** Opening Collected material block **

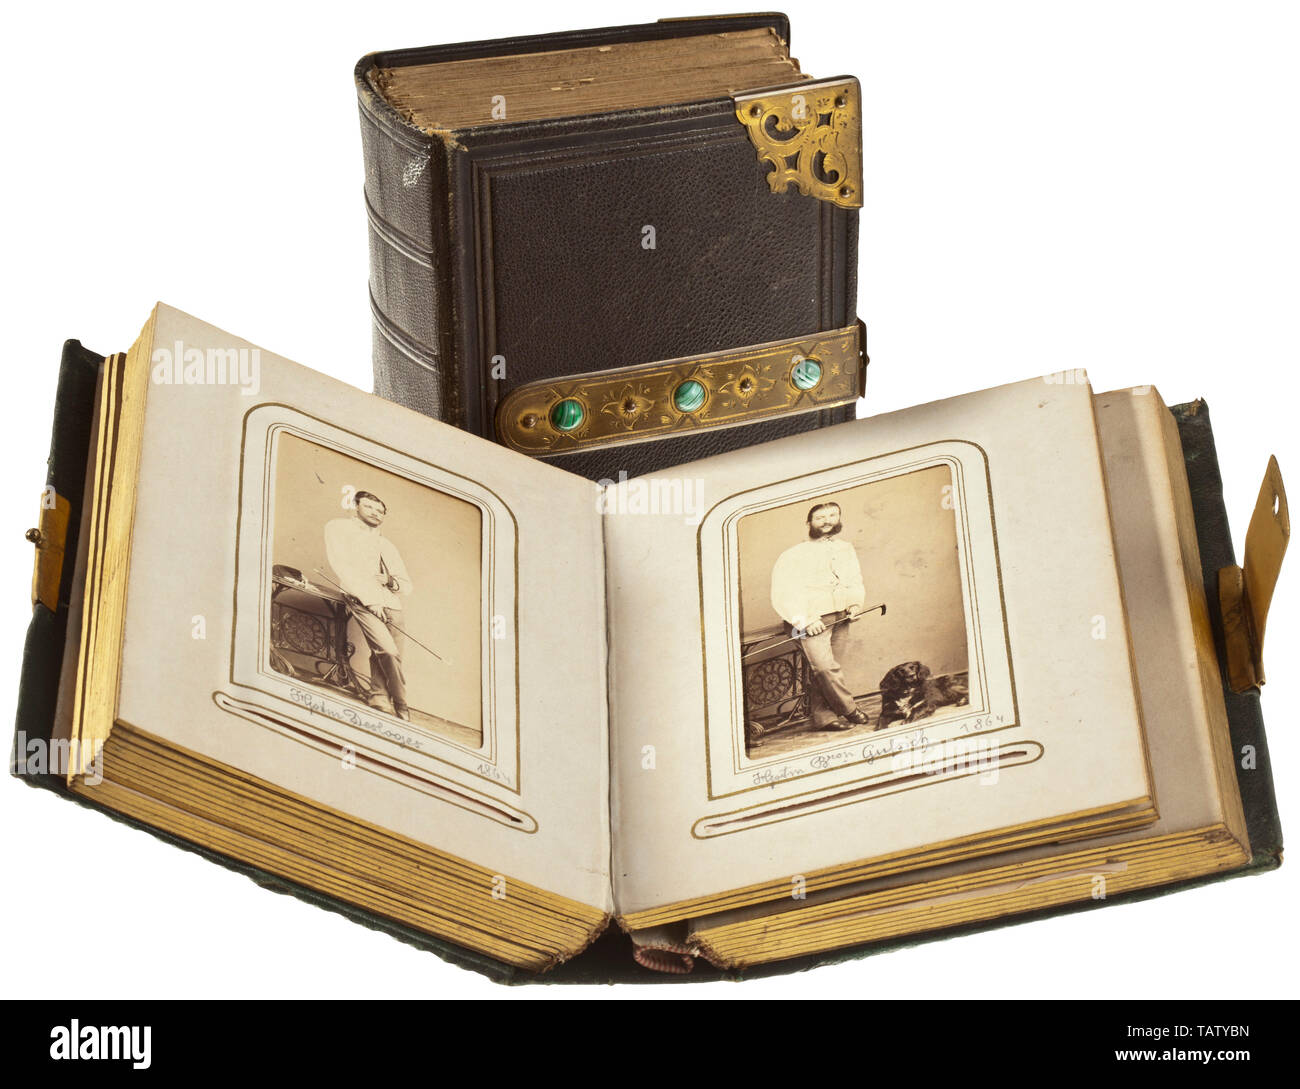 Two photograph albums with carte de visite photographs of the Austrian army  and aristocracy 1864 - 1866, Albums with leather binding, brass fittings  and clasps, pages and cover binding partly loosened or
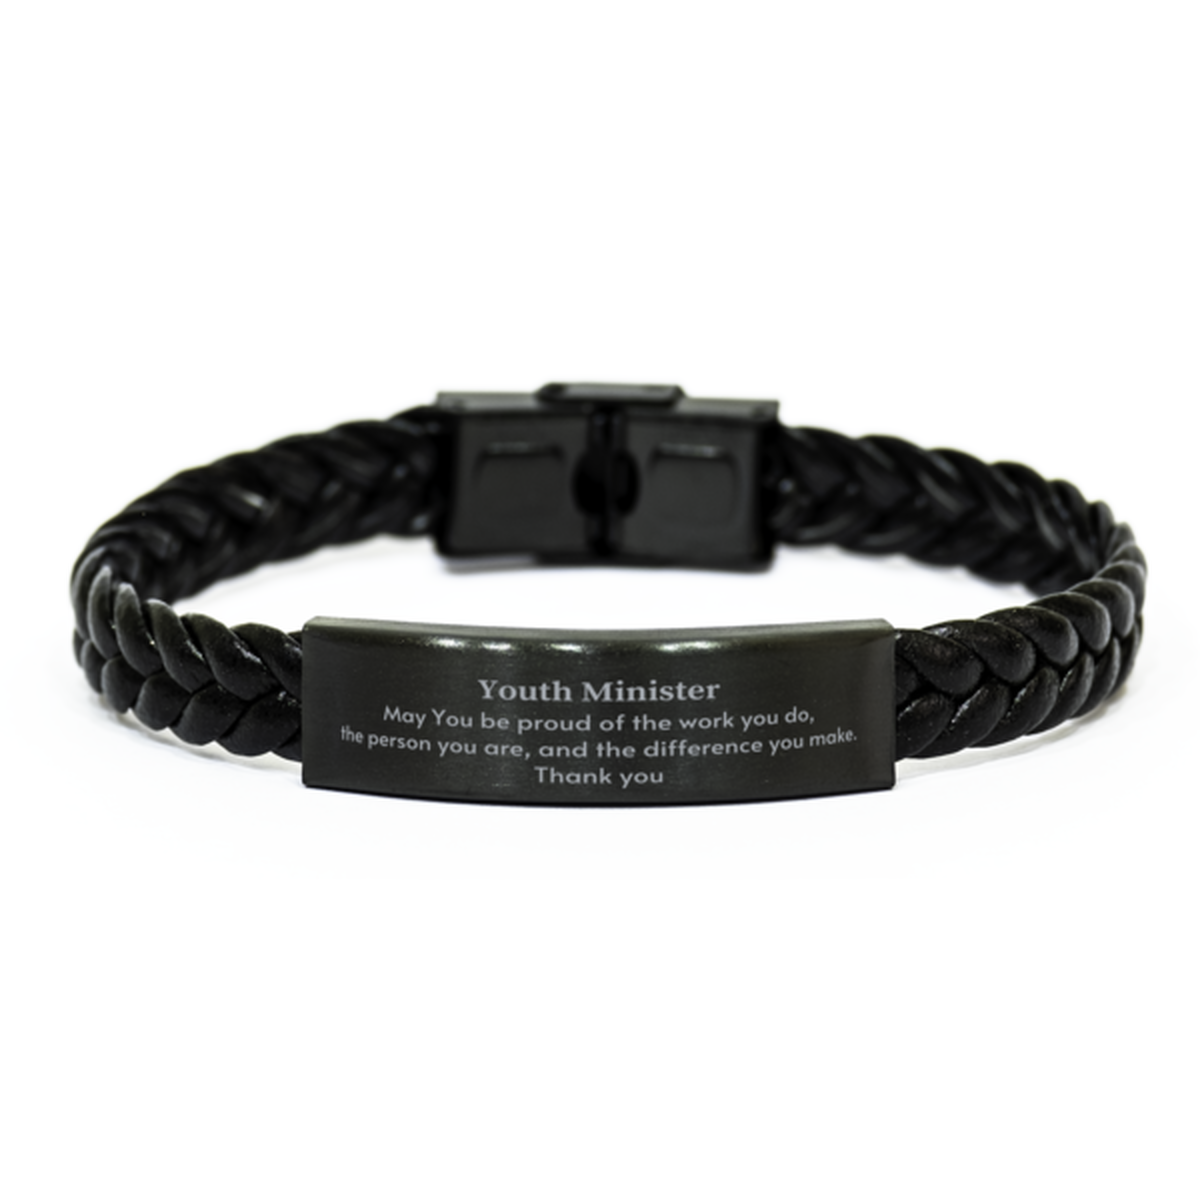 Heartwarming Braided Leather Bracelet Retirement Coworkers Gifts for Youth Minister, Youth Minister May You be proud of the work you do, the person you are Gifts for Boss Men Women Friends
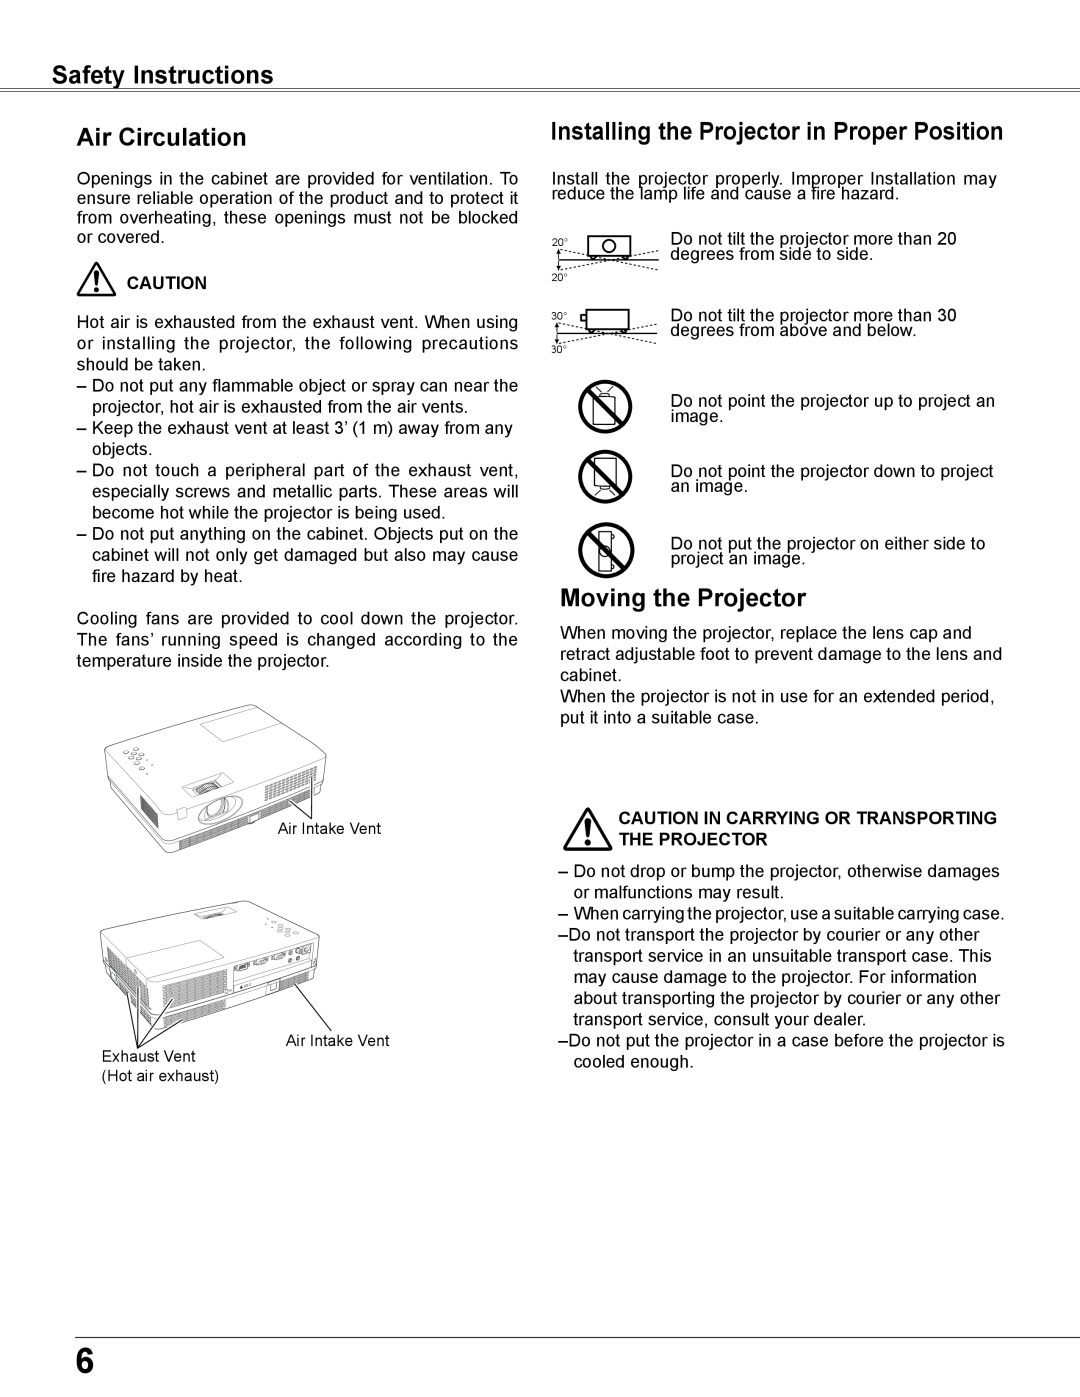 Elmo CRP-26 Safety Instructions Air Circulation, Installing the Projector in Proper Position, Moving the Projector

** Closing Collected material block **

▸ **What is needed**
What should appear is an exact reproduction of the lines from the one with "Heartwarming Braided Leather" through the end of the material above, and no pictures.

▸ **Exercise answer**
 Heartwarming Braided Leather Bracelet Retirement Coworkers Gifts for Youth Minister, Youth Minister May You be proud of the work you do, the person you are Gifts for Boss Men Women Friends
 Elmo CRP-26 Safety Instructions Air Circulation, Installing the Projector in Proper Position, Moving the Projector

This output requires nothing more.